I would like multiple mappers and reducers to be run in parallel. According to the formula to get number of concurrent tasks
min (yarn.nodemanager.resource.memory-mb / mapreduce.[map|reduce].memory.mb,
yarn.nodemanager.resource.cpu-vcores / mapreduce.[map|reduce].cpu.vcores)
I'm expected to get 4 tasks running in parallel, but in reality, I just have one task that's running.

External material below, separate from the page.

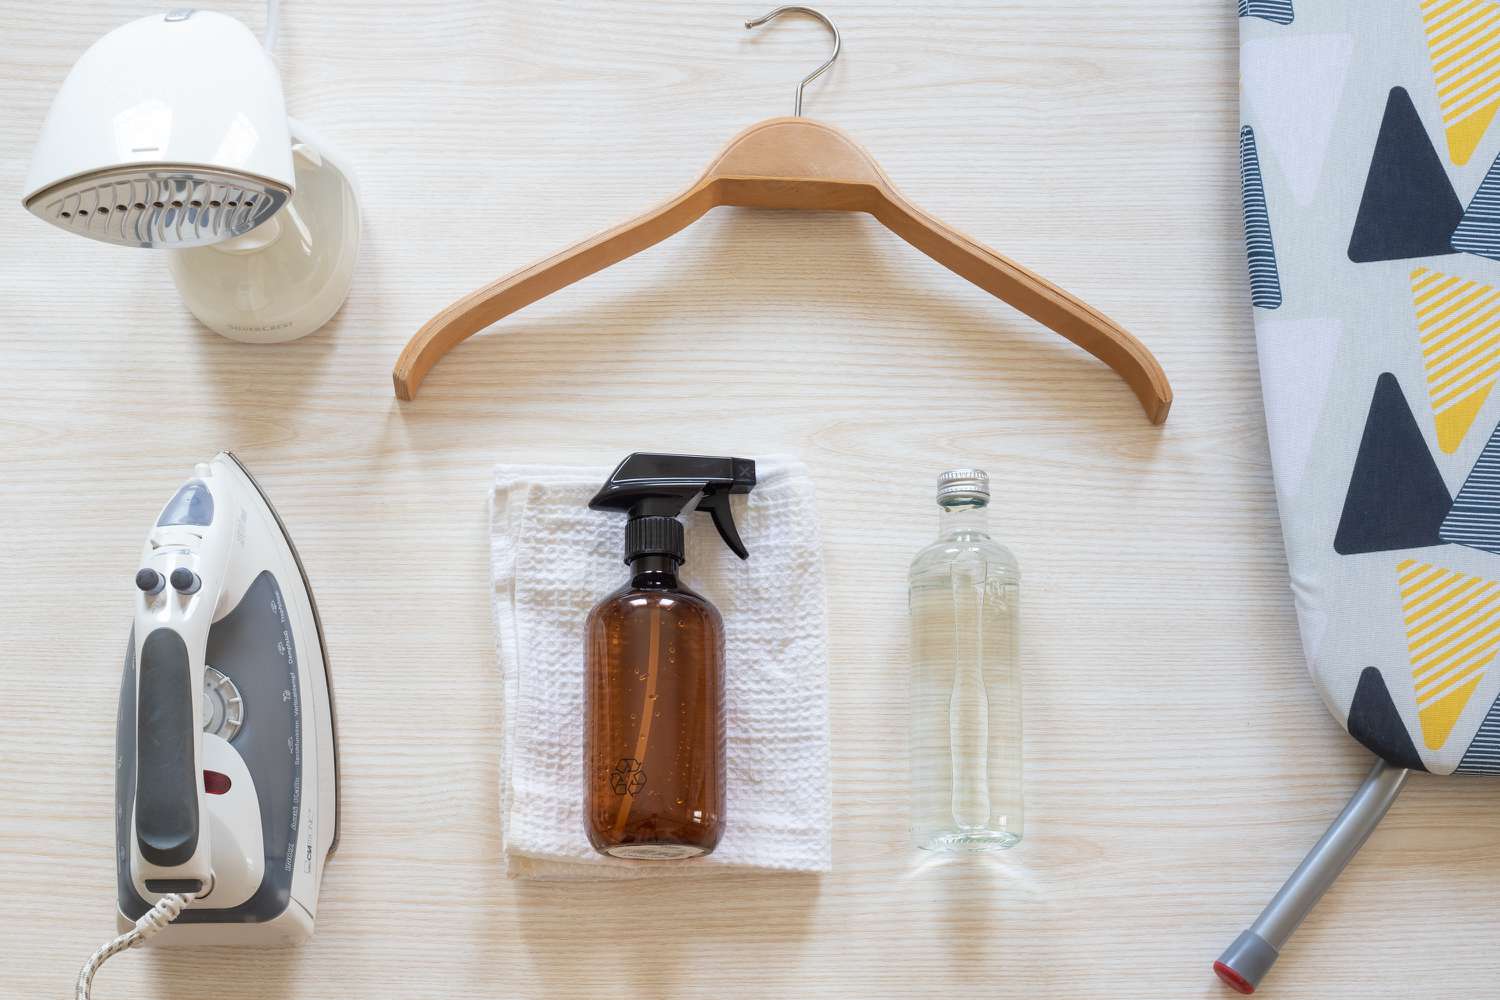 Materialien und Werkzeuge zum Bügeln von ausschließlich chemisch gereinigter Kleidung

Also, I've looked up few other questions that might help with my situation and How to run MapReduce tasks in Parallel with hadoop 2.x? also says the same,
My file is 628mb and is of the type ORC. DFS block size for that is 256mb and as a result, i get 3 splits by default if I don't add mapreduce.input.fileinputformat.split.minsize as a parameter.
yarn-site.xml
<configuration>
<!-- Site specific YARN configuration properties -->
<property>
<name>yarn.nodemanager.aux-services</name>
<value>mapreduce_shuffle</value>
</property>
<property>
<name>yarn.nodemanager.aux-services.mapreduce.shuffle.class</name>
<value>org.apache.hadoop.mapred.ShuffleHandler</value>
</property>
<!-- YARN settings for lower and upper resource limits -->
<property>
<name>yarn.scheduler.minimum-allocation-mb</name>
<value>2048</value>
</property>
<property>
<name>yarn.scheduler.maximum-allocation-mb</name>
<value>2048</value>
</property>
<property>
<name>yarn.scheduler.minimum-allocation-vcores</name>
<value>4</value>
</property>
<property>
<name>yarn.scheduler.maximum-allocation-vcores</name>
<value>4</value>
</property>
<property>
<name>yarn.nodemanager.resource.memory-mb</name>
<value>8192</value>
</property>
<property>
<main>yarn.nodemanager.resource.cpu-vcores</main>
<value>4</value>
</property>
</configuration>
mapred-site.xml
<configuration>
<property>
<name>mapreduce.framework.name</name>
<value>yarn</value>
</property>
<property>
<name>mapreduce.client.submit.file.replication</name>
<value>1</value>
</property>
<property>
<name>mapreduce.map.memory.mb</name>
<value>2048</value>
</property>
<property>
<name>mapreduce.reduce.memory.mb</name>
<value>2048</value>
</property>
<property>
<name>mapreduce.map.java.opts</name>
<value>-Xmx1638m</value>
</property>
<property>
<name>mapreduce.reduce.java.opts</name>
<value>-Xmx1638m</value>
</property>
<property>
<name>mapred.tasktracker.map.tasks.maximum</name>
<value>8</value>
</property>
<property>
<name>mapred.map.tasks</name>
<value>4</value>
</property>
<property>
<name>mapreduce.map.cpu.vcores</name>
<value>4</value>
</property>
<property>
<name>mapreduce.reduce.cpu.vcores</name>
<value>4</value>
</property>
</configuration>
I did check for free memory and it had 9gb available under free.
Could there be more configuration that is required?